Saturday afternoon about 2:30. nap. sleepover is in the books (for the 8th–wait, now 9th grader!!!) wow. just.woww. anywho. hubs went to UL game last night. my replacement book came in – I misplaced my first copy & the audio book is hard for me to follow/ADD – The Anatomy of Peace, Resolving the Heart of Conflict. OH.MY.GOODNESS. I got good & deep into the last 1/4-1/2 of the book yesterday evening. No interruptions. My daughter and her friends are amazingly good friends who do good things. They swam all day & hot tubbed & threw glow sticks around the darkened pool. I took a break to cook them dinner & they were back at being girls 🙂
I can’t do the book justice to try to explain it here. But I can tell you who the book is good for: anybody. Anybody who has any conflict in their lives in any capacity. Um, that’s humanity, I think! So, the book is structured in a way to walk the reader through experiences of parents who have brought their respective children to this place for outdoor/adventure therapy. The book, rather than looking at the children and their struggles, looks at the parents, and how we resolve conflicts. What is explained in the book follows a diagram that fully comes together toward the end of the book.
I couldn’t get through it all last night. It’s just too much to process. So, this morning, I wanted to finish it. About 3 or 4 pages before the end of the book, I could not help but cry.

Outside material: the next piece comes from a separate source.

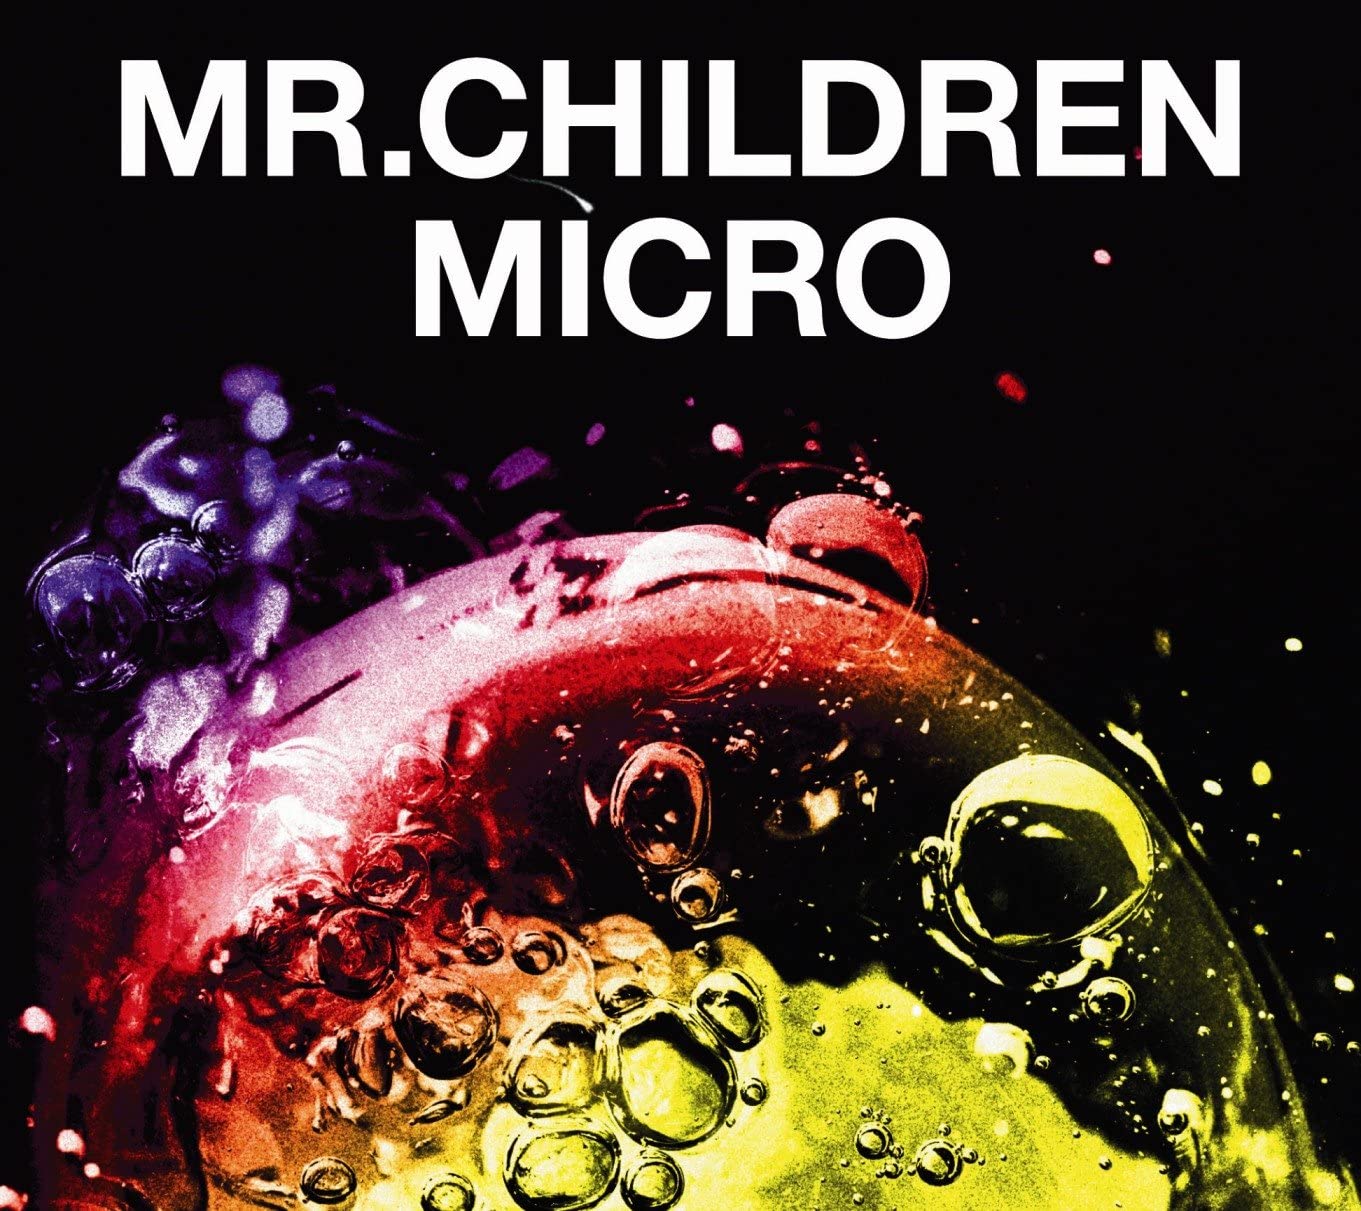 新品 訳あり Mr.Children Mr.Children 2001-2005 micro 通常盤 CD 背表紙に色あせ有り

I cried at different times of realization earlier in the book, and was very affected by others, but this – this was big, fat, tears that I could just not turn off. Hubs was watching the news. His response was, “Maybe I should read that book.” Ya think? At once, I just saw my son, who prompted this change in me, in front of my eyes – but I saw right through his very layers of life – all the way through to his very basic core, before words or actions could mar him. I saw this perfect human that God made, full of hopes, wants, dreams, desires, fears. And I just wanted him to know at that moment how much I love him and how much I see him this way. My being a mother has been the most important role to me in this life of mine. I just wanted him to know that I was sorry for anything I have done to hurt him, any time I didn’t recognize what he needed and any time I didn’t take the time to know him. We all look back with perfect vision. I get that. He gets that, too.
So, for today…
I won’t beat myself up. I won’t judge myself. I won’t see myself through the filters that I so often find myself seeing myself through. I’ve been trying to decide if I’m actually going to run the 5k this evening. At this time, I think I will. 5Ks are the hardest race. 3-2-1, balls to the wall for 3.1 miles. No water breaks. I’m trying to decide if I’m up for that. Maybe. I’m curious how I’m running lately. Weights & fairly light running. I ate 2 donuts this afternoon. Maybe I’ll run to shuck the 360 calories contained in those two donuts. 🙂
Regardless, summer has officially started. I’m going to slow down and enjoy my blessings.